Sorry I forgot to mention that both the intake and exhaust go right from 2" to 3". If you look on page 15 of the manual, that's where it shows the install I performed.


----------



## kenmac (Feb 26, 2009)

I would connect vm to ps & see if the ps is dropping out. If not connect vm to limit. Something is dropping 24v to make it shut down


----------



## FTAJ (Nov 8, 2010)

did you check your gas pressure? what is your elevation? I had some of these models do this to me before but dont be alarmed its not a bad furnace its just to powerfull, let me know if you have access to a manometer and I will be happy to tell you the procedure to fix the problem


----------



## mattyb (Oct 30, 2010)

I did not check gas pressure.
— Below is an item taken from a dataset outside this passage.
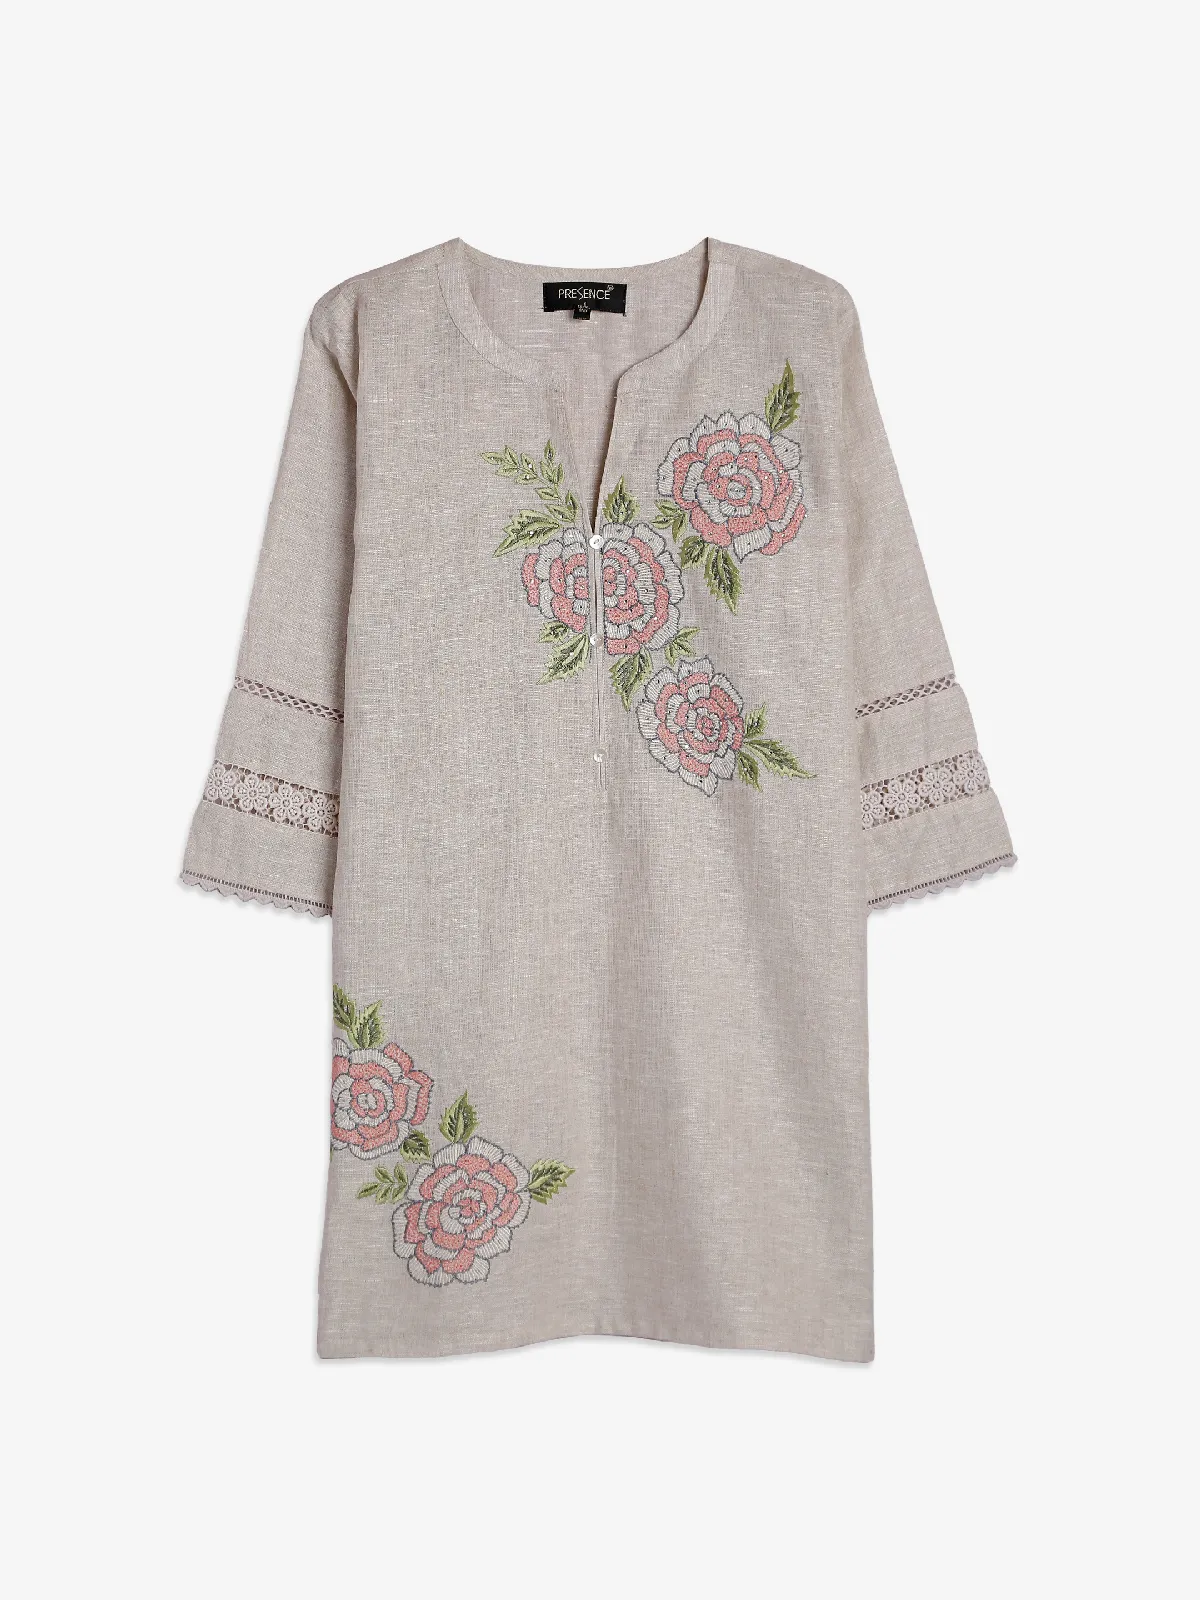 Beige cotton embroidery tunic top

I don't have a manometer. I had heard that about these units that overall they're good but can be a little temperamental. 
@kenmac - I'll try that when I get home today to see what happens. A service tech. is supposed to come out today anyway so we'll see what happens. At this point I just want consistent heat.


----------



## mattyb (Oct 30, 2010)

It's official. The problem was a pressure switch. The service guy had a replacement in his truck and installed it and the furnace works like a charm. The bad switch, when put on a multi-meter, would just show open/close randomly. 

I want to thank all of you for your help. Needless to say, I learned a heck of a lot more about my furnace through all of this.


----------



## yuri (Nov 29, 2008)

Yep, they will flutter quickly and the board needs time to recognize it. Glad it works. Make sure your bypass damper works properly and that you stay within the temp rise specs. Want to be 10 degF lower ideally. Long term slight overheating can wreck heat exchangers and collector boxes.


----------



## mikey101 (Oct 27, 2011)

*drain tube needs to be moved if furnace is set on side*



mattyb said:


> I just raised the pitch of it a bit to see if that would help but same result. Here are the pics.
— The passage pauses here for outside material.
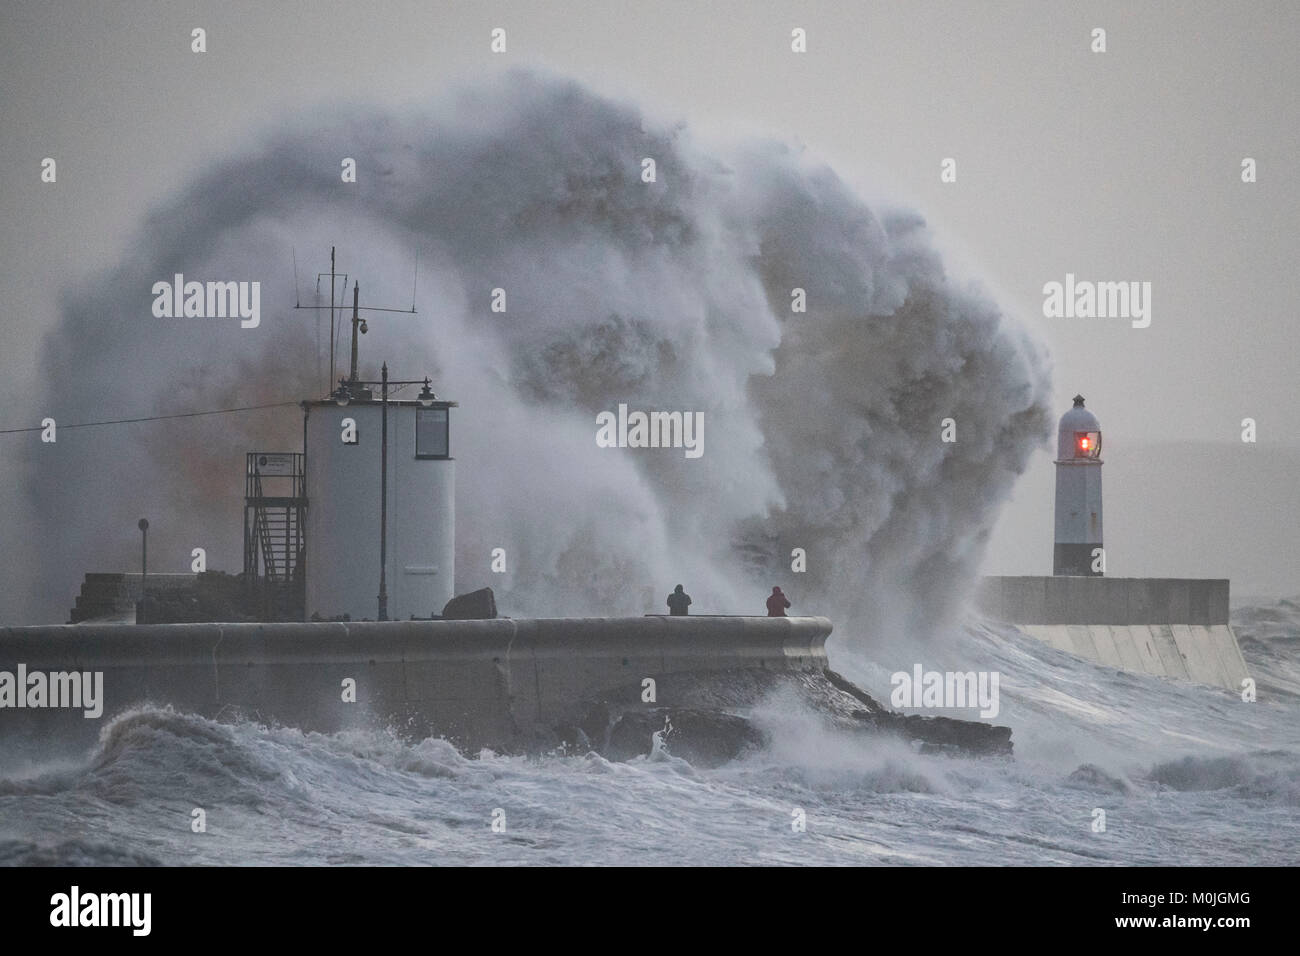 Waves crash against the harbour wall at Porthawl, South Wales, UK during storm Eleanor. The Met Office issued a weather warning for strong winds. Stock Photo

 take hose ofinducer motor the one that drains to bottom go by longer hose you'll see plug in exiest from inducer motor take plug and put in hole on inducer motor drain water from inducer exiest to botom (your not drain condensation from pvc exiest properelly if you furnace is seting on it's left side waiter need to drain from pvc pipe down to pump if you dont under stand me i'm hard to keep up with I can send you a pic I've came acroos this problem about 15 times and it's always on goodman that are horizontal.and are not draining because they where installed incorect


----------